From sales reps to online product descriptions, the language we use when we speak to our customers helps them determine if our products and services are right for them. Customers want to know “Is this for me?” as quickly as possible and communicating that simply and consistently through each of an organization’s customer-facing touch points may be a step oftentimes overlooked. By taking control of our content assets, developing them (if need be) and then reviewing them completely to ensure their meanings resonate with our audience is a big step forward in the digital transformation journey.
1 Digital Transformation
But before we discuss source content, we need to understand what a digital transformation is.
Business futurist and leading expert on digital transformation Greg Verdino has spent a lot of time synthesizing that answer, and he’s crafted a definition that any business leader can understand. The author of “microMARKETING: Get Big Results by Thinking and Acting Small” defines it as follows:
Digital transformation closes the gap between what digital customers already expect and what analog businesses actually deliver.
So, what do digital customers already expect, and how does this relate to content?
2 What Do Digital Customers Expect?
Digital customers expect to easily find the product or service they’re looking for, determining if it suits their needs, buying it using whatever method is most practical for them and having it delivered as they want it, where they want - and getting immediate service along the way or post-purchase if anything ever goes wrong. We all know that. But do we realize that the streamlining other companies make to their products and services can also impact our customers’ expectations? To underscore this, Greg points to Uber, Zappos and Amazon.
“Can the typical Fortune 1000 company say it is as easy to do business with as Uber, as efficient as Zappos, as agile as Amazon? Not yet!” Grego points out. “But to the consumer, the best experience they just had with a company like Uber, Zappos or Amazon becomes the minimum acceptable experience they expect from every company.”
That ease-of-use, service and experience is something that all customers want in their online relationships, as end-users or as corporate buyers.
I tracked Greg down in India where he’s keynoting a corporate event. He tells me that to realize a digital transformation, a higher level of sophistication in how language is processed is required.
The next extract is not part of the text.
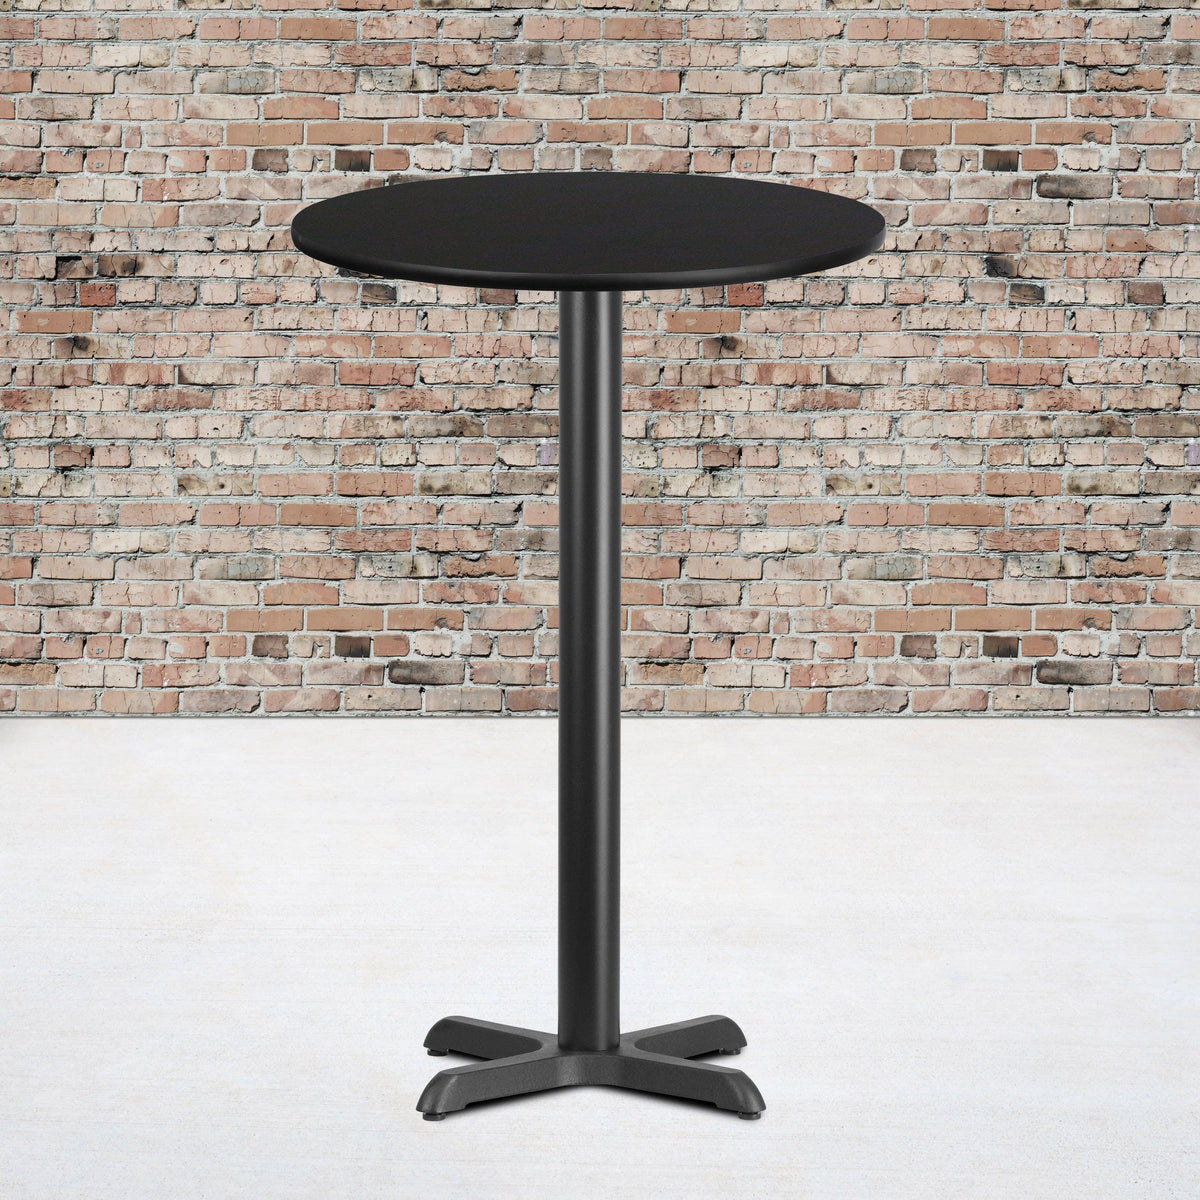 Black |#| 24inch Round Black Laminate Table Top with 22inch x 22inch Bar Height Table Base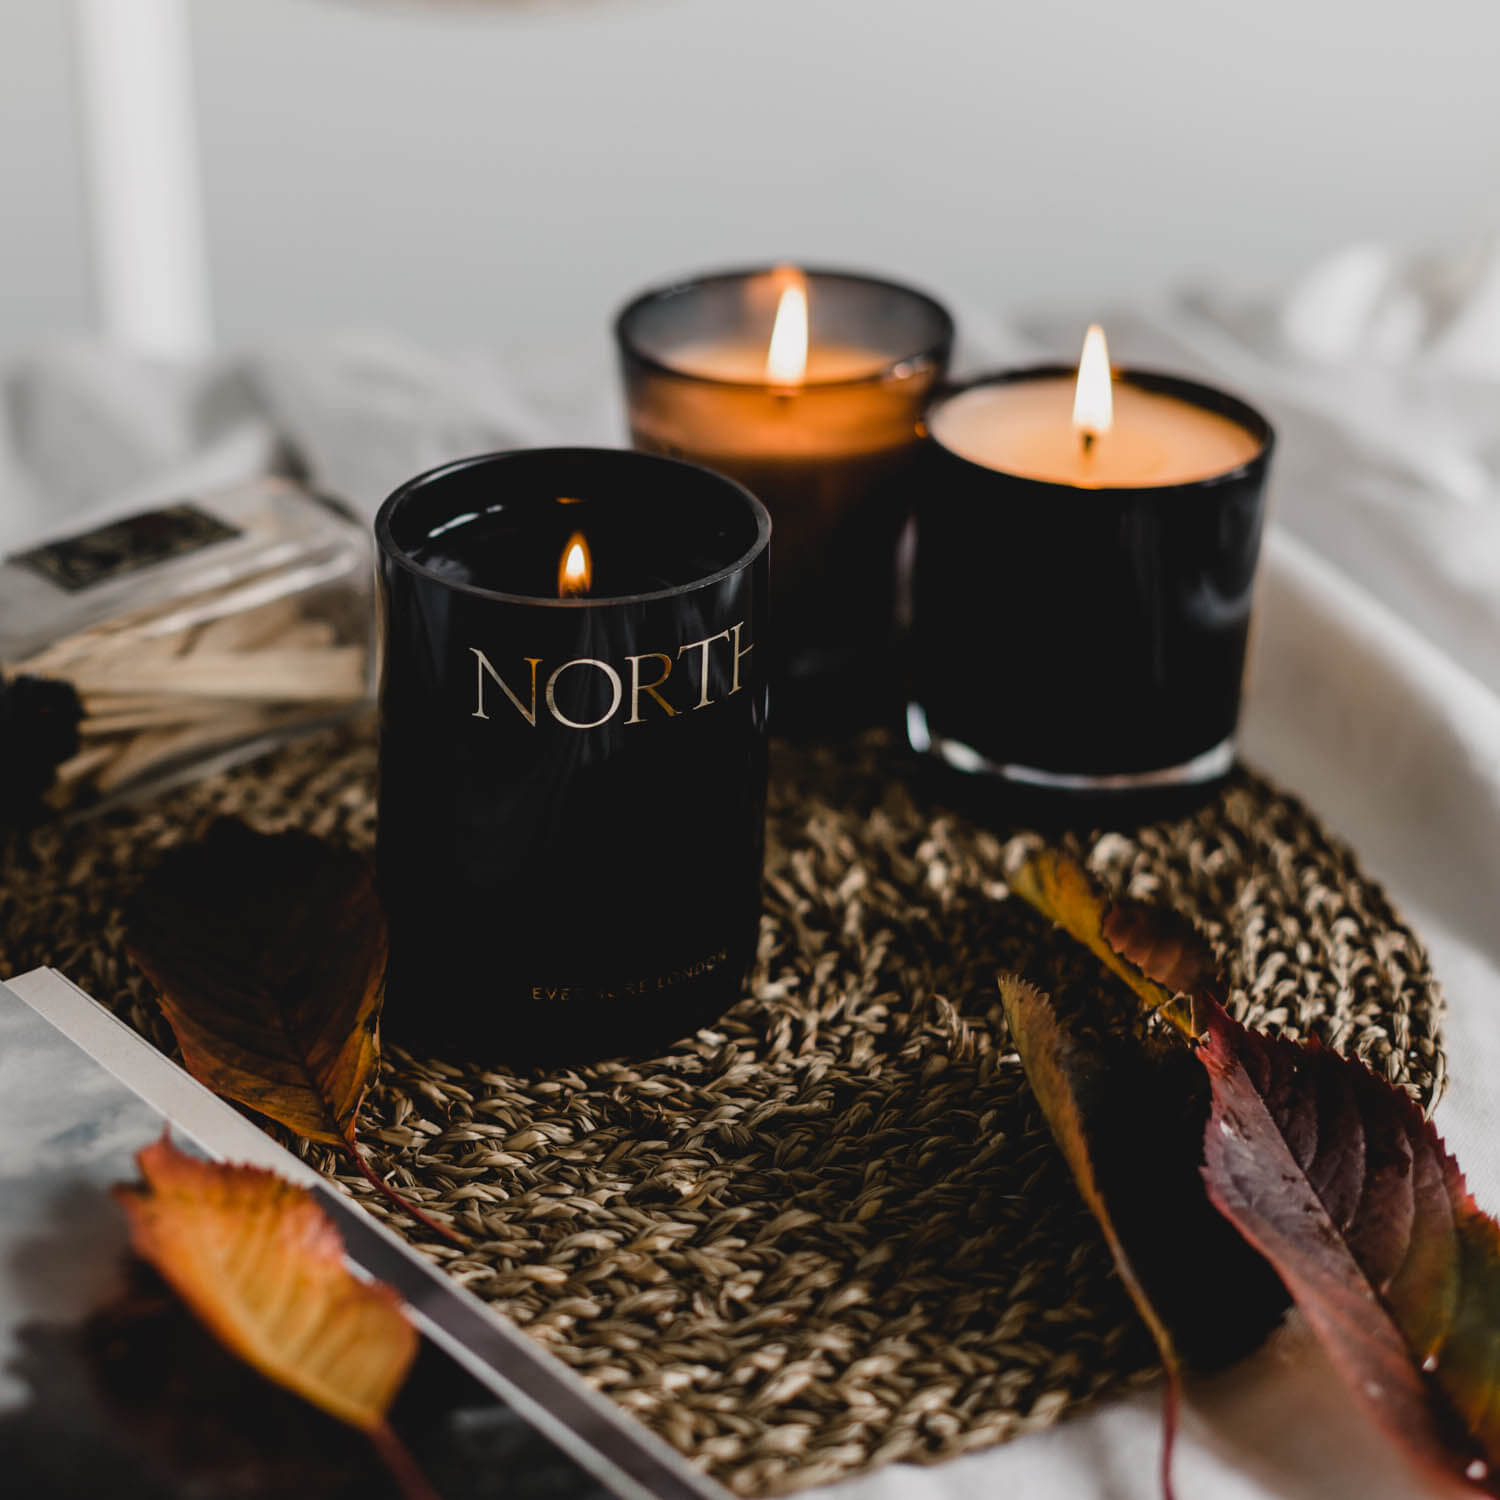 North Scented Candle by Evermore

“Customer centricity in the digital age certainly requires organizations to have the ability to serve both global and local audiences with content, experiences and customer support in real time and in-language,” he says. “More importantly, many of the technologies companies will harness to accelerate their transformations — from natural language processing, to big data, to artificial intelligence to learning machines (robots, automation) — will require an increasingly sophisticated ability to process language, recognize and learn patterns in language, and so on.”
3 Is This Right for Me?
Greg says that digital transformation should make your business better. By developing, auditing and reviewing your language assets - like glossaries and translation memories - on a continual basis, you can be assured that the messages you’re delivering to your audience are concise and complete. And that content should be analyzed for meaning, to determine if it helps them answer the biggest consumer question of all: is this right for me? If it is, then everything else needs to follow, naturally, letting them buy, install, use and get support in the easiest ways possible, in their language, in real time.
“So while, I don’t see many CEOs shouting, “Get me a linguist,” when they’re embarking on a digital transformation journey, I do see a linguists playing a key role in enabling a number of the key technologies that will form the basis of a digitally transformed business,” Greg says.